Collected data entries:
• • • •

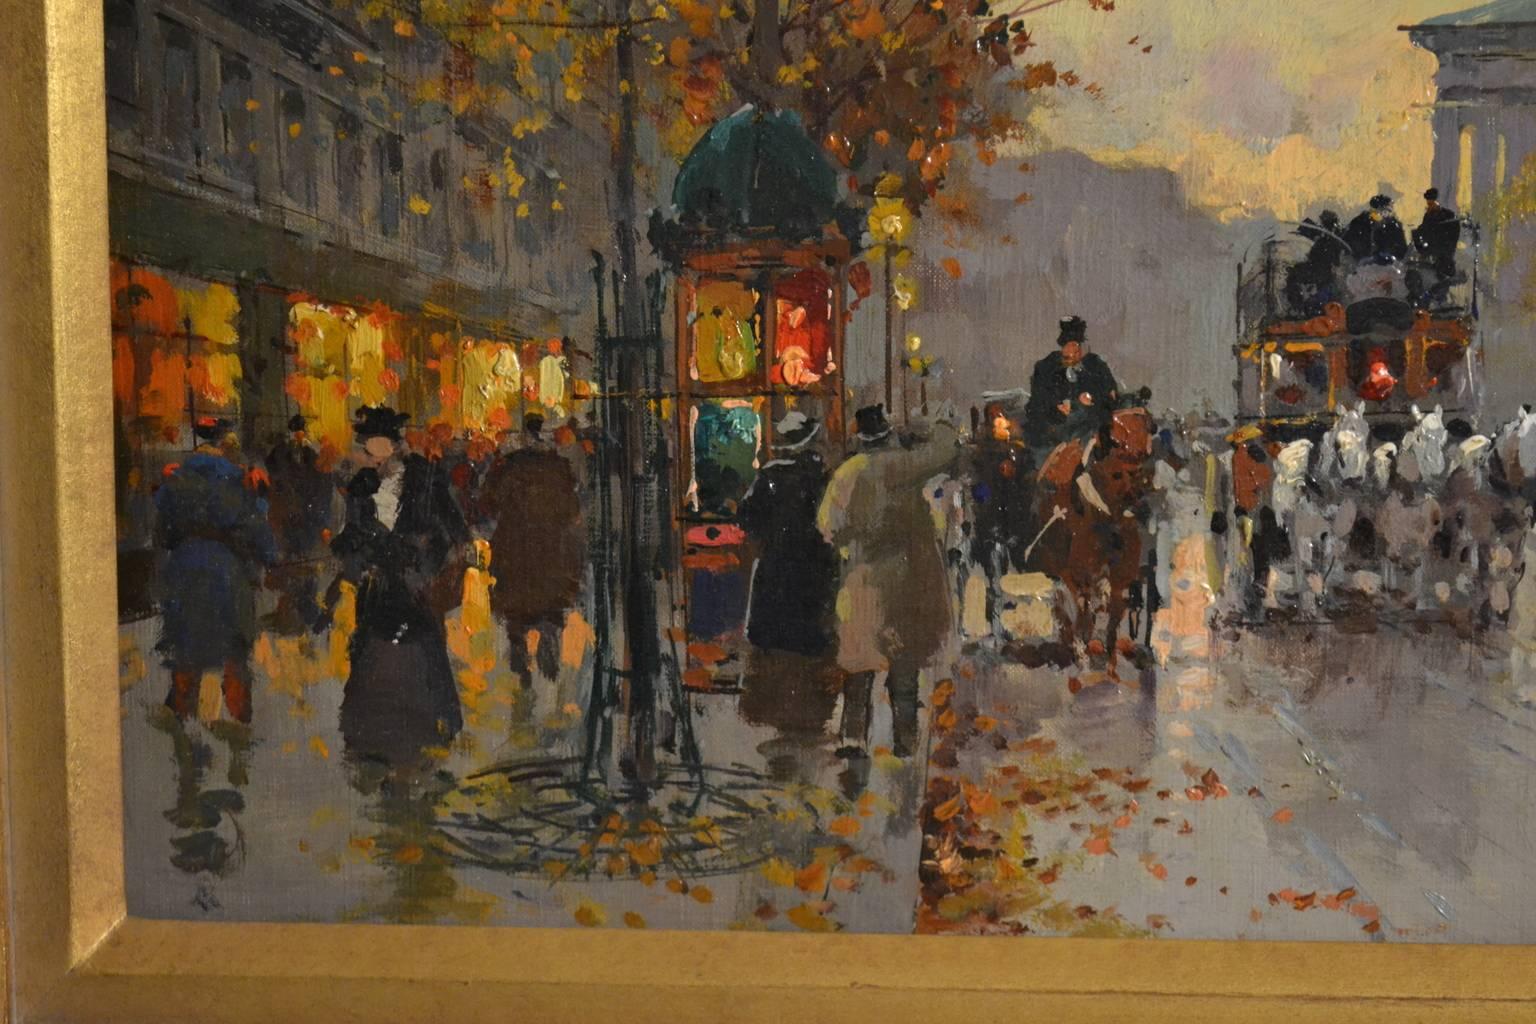 An original oil by Edoaurd Leon Cortes
canvas size is 13 x 18 inches
circa 1945
This painting depicts Paris at the turn of the century.
A letter of Authenticity from David Klein accompanies this painting.
oil on canvas, laid on board
Shows
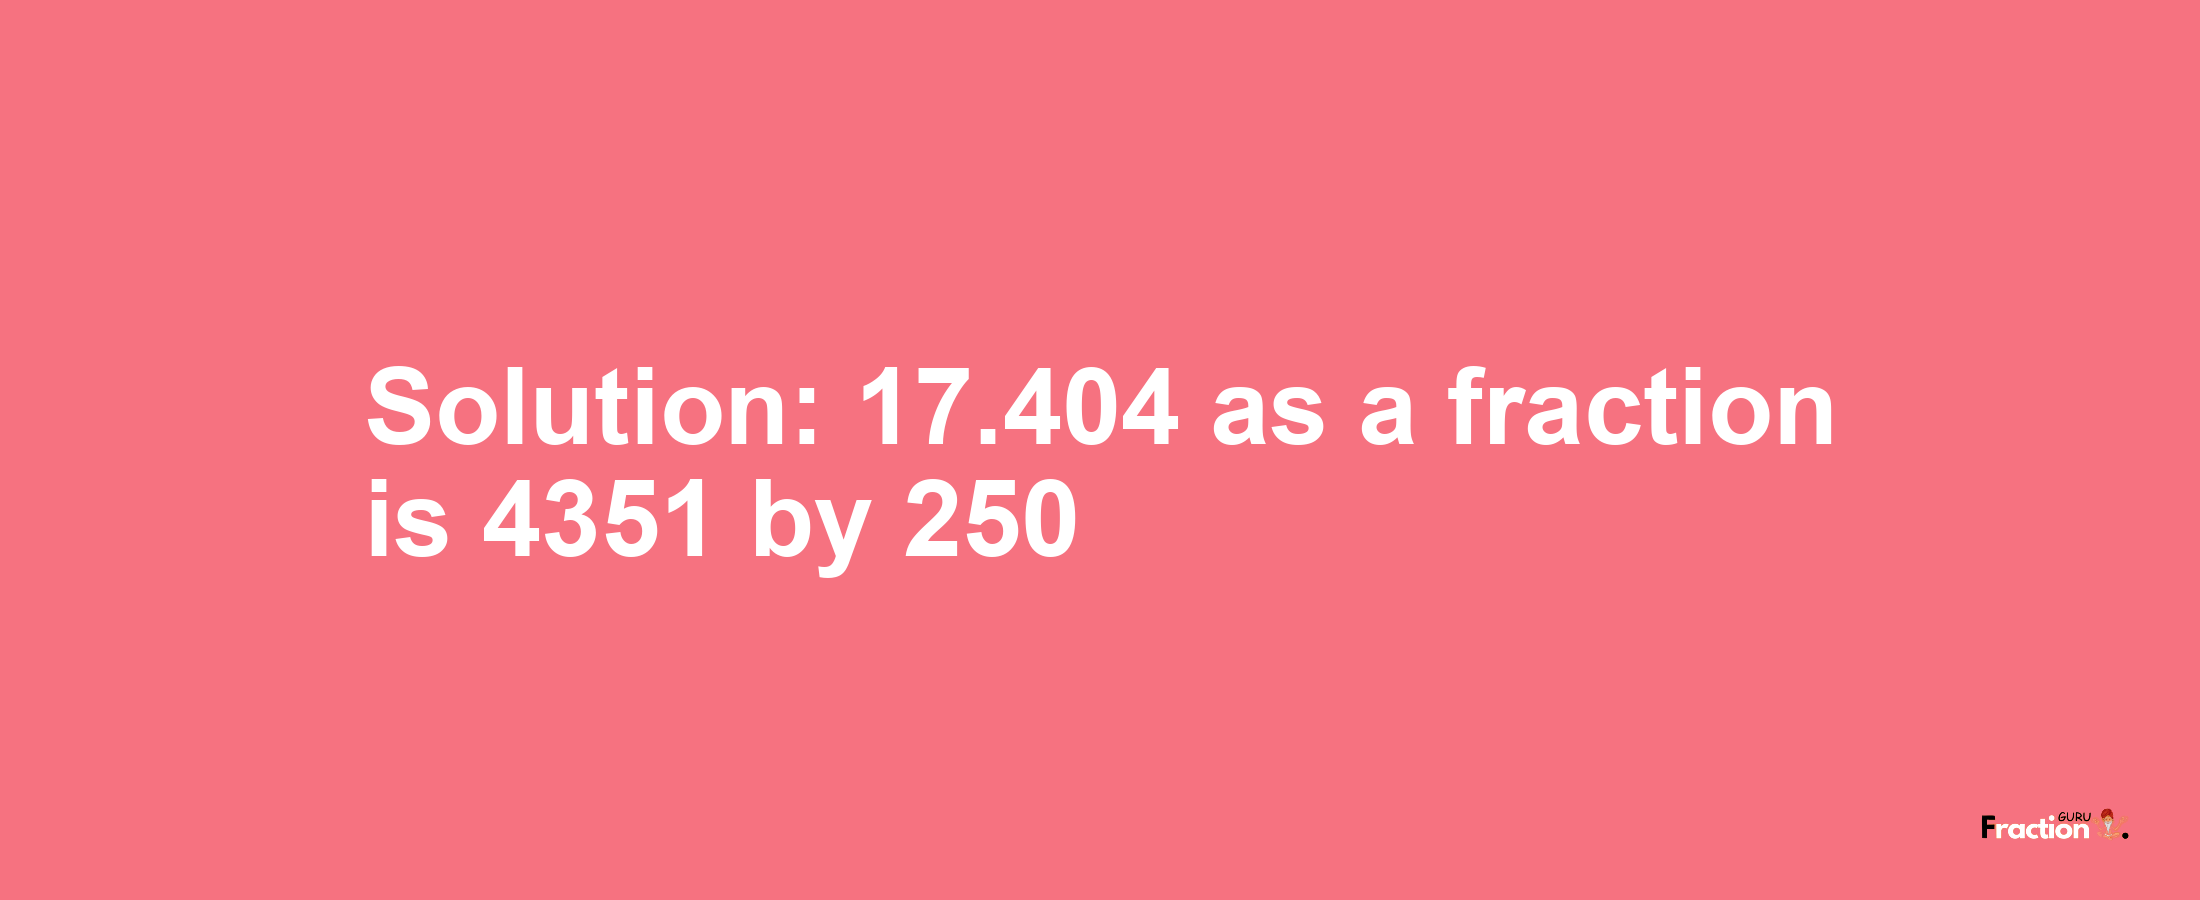 Solution:17.404 as a fraction is 4351/250

• • • •

* Exercise
Only the lines from the one containing "A letter of" through the final line of the entries belong in the copy, both ends included. Pictures stay out.

* Output below
A letter of Authenticity from David Klein accompanies this painting.
oil on canvas, laid on board
Shows
 Solution:17.404 as a fraction is 4351/250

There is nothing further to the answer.